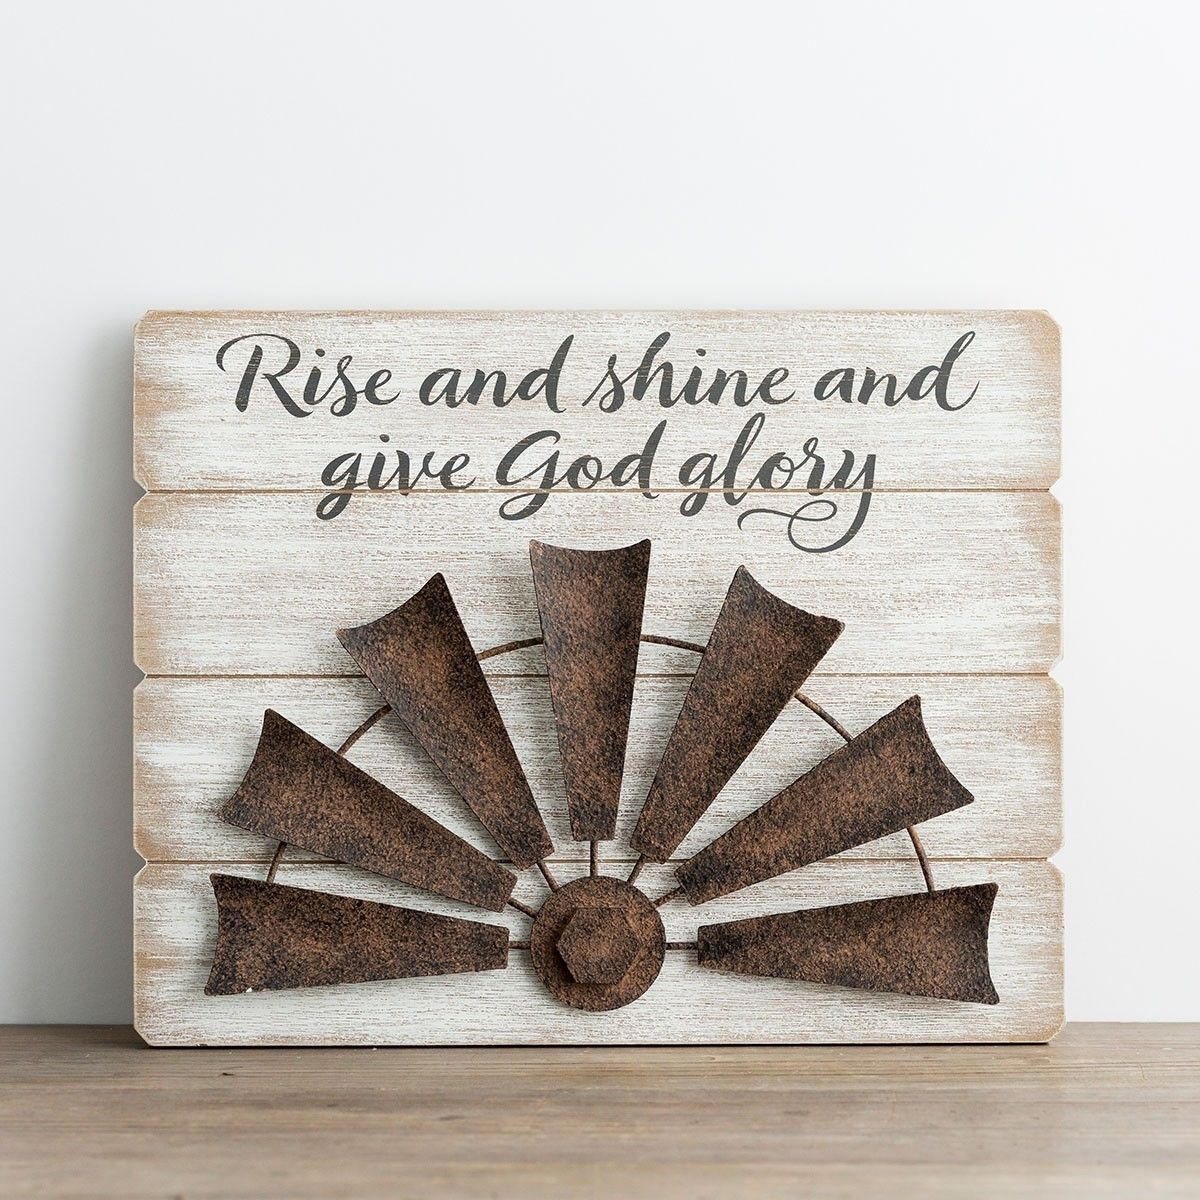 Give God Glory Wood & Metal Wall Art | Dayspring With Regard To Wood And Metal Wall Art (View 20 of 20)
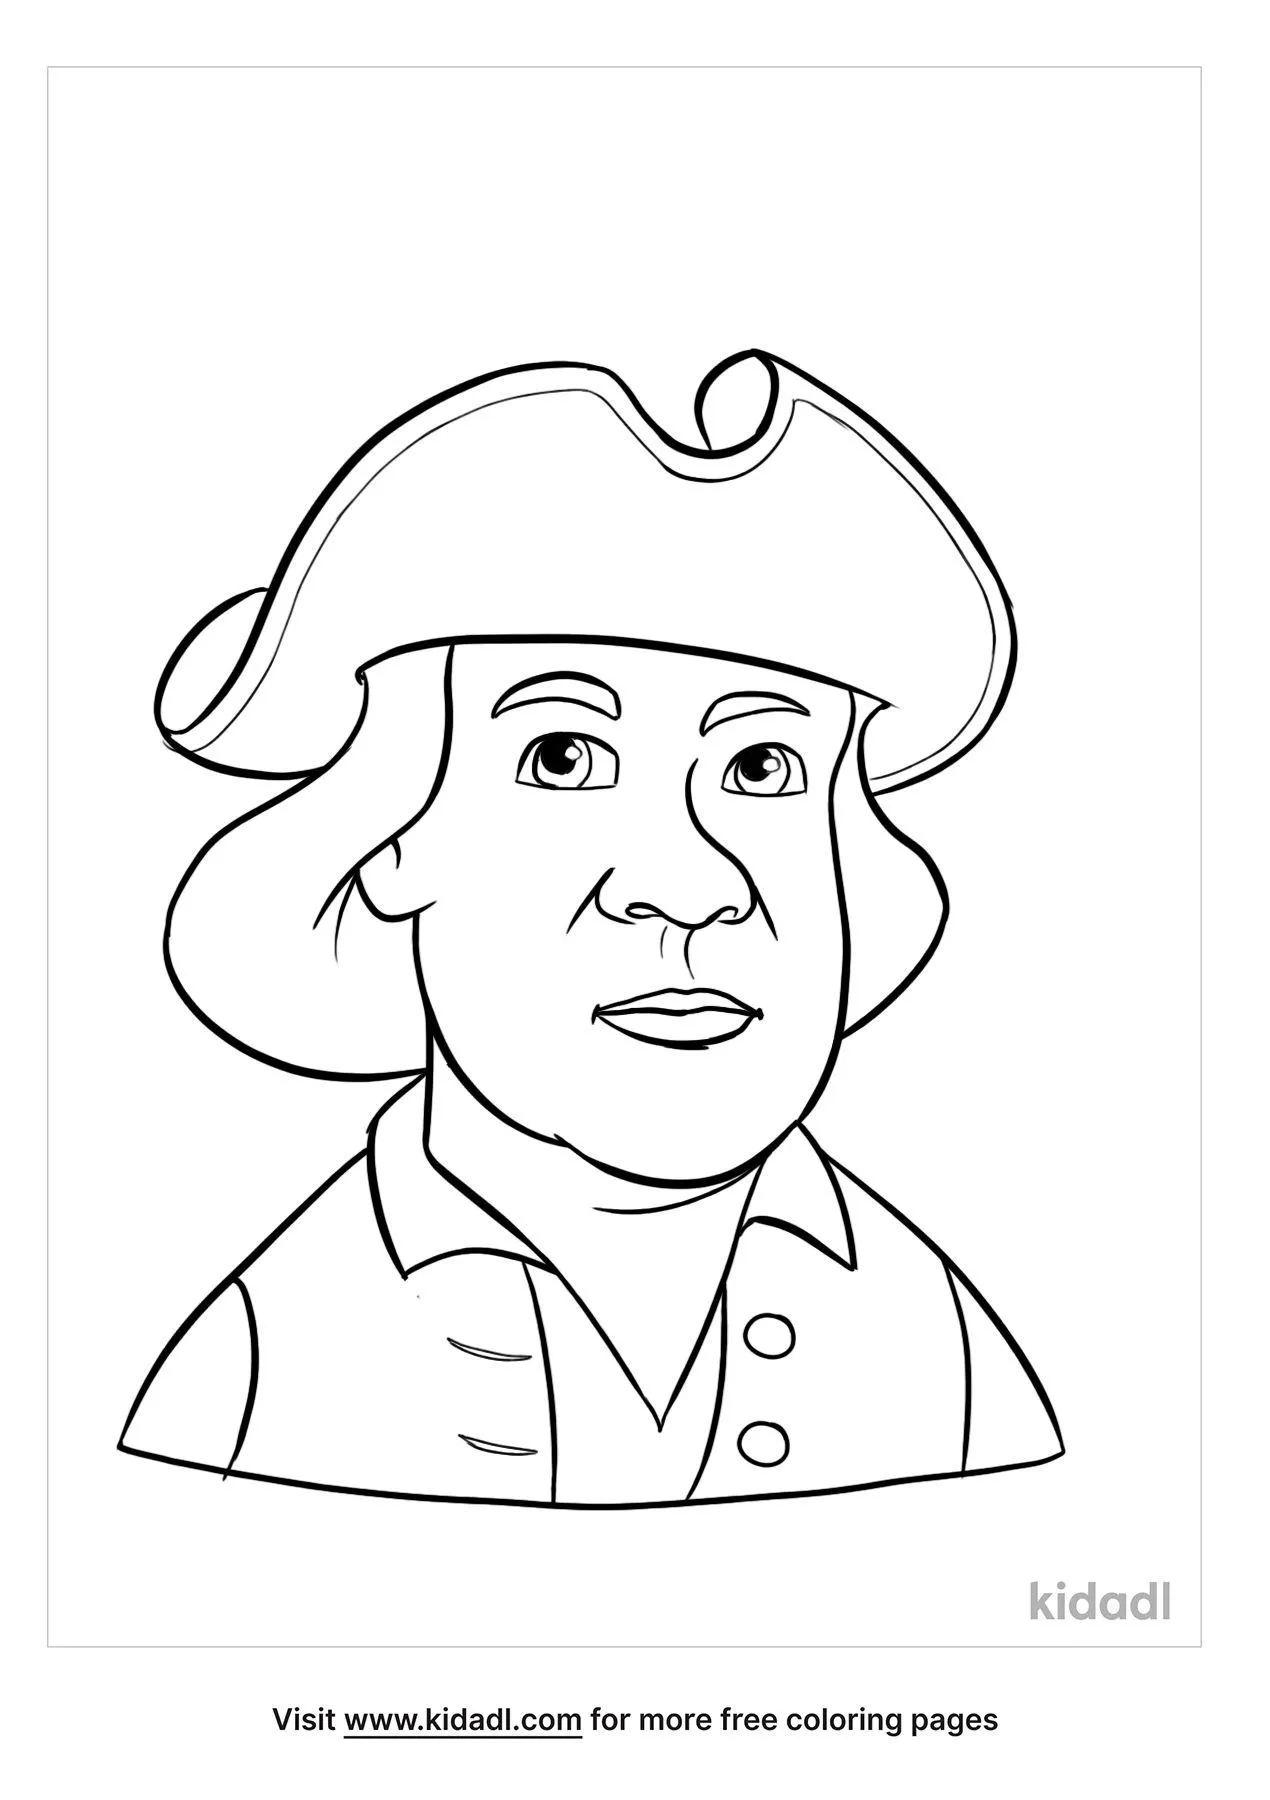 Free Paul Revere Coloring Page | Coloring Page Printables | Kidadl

...

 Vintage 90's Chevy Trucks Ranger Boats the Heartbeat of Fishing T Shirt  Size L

==

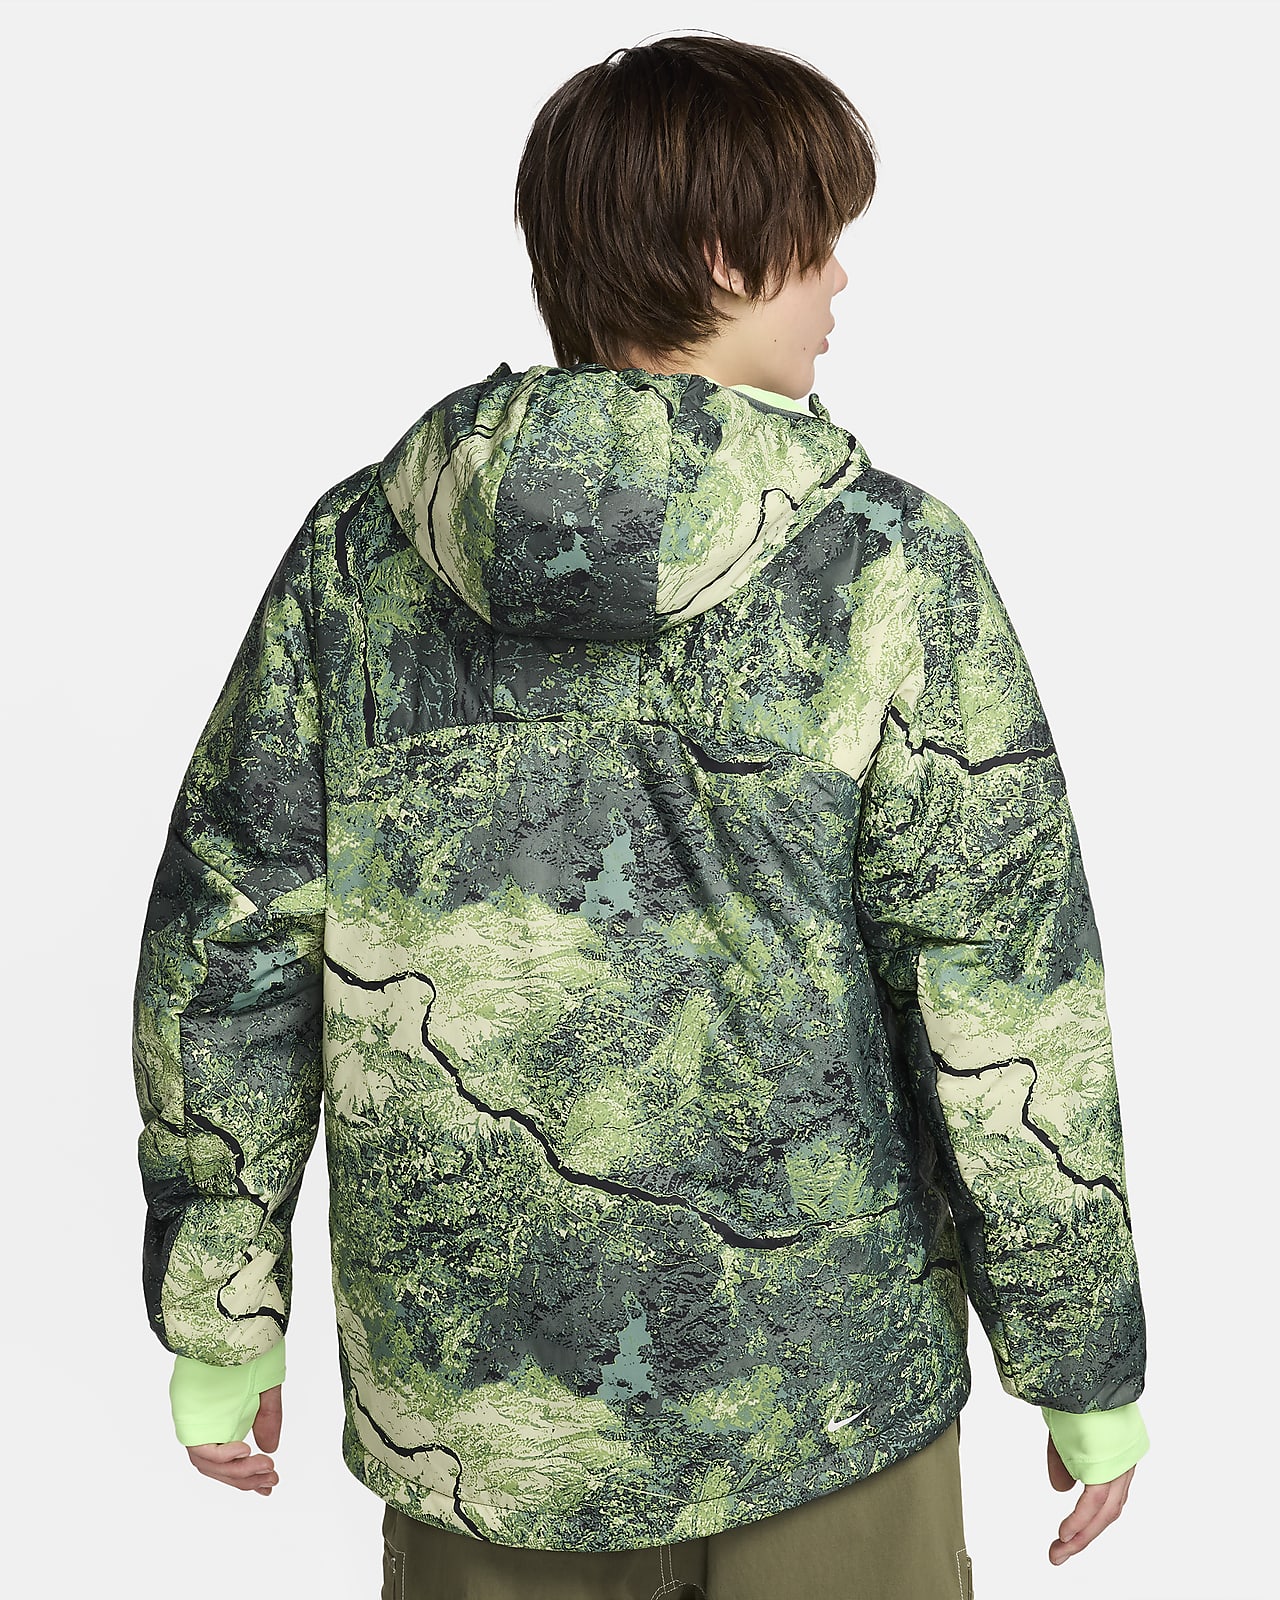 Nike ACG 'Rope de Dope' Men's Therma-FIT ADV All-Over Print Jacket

YOUR OBJECTIVE -
Both the line above containing "Give God Glory" and the line containing "Free Paul Revere" belong in the copy, along with every line between them; print these exactly and omit the pictures.

YOUR RESPONSE -
 Give God Glory Wood & Metal Wall Art | Dayspring With Regard To Wood And Metal Wall Art (View 20 of 20)
 Free Paul Revere Coloring Page | Coloring Page Printables | Kidadl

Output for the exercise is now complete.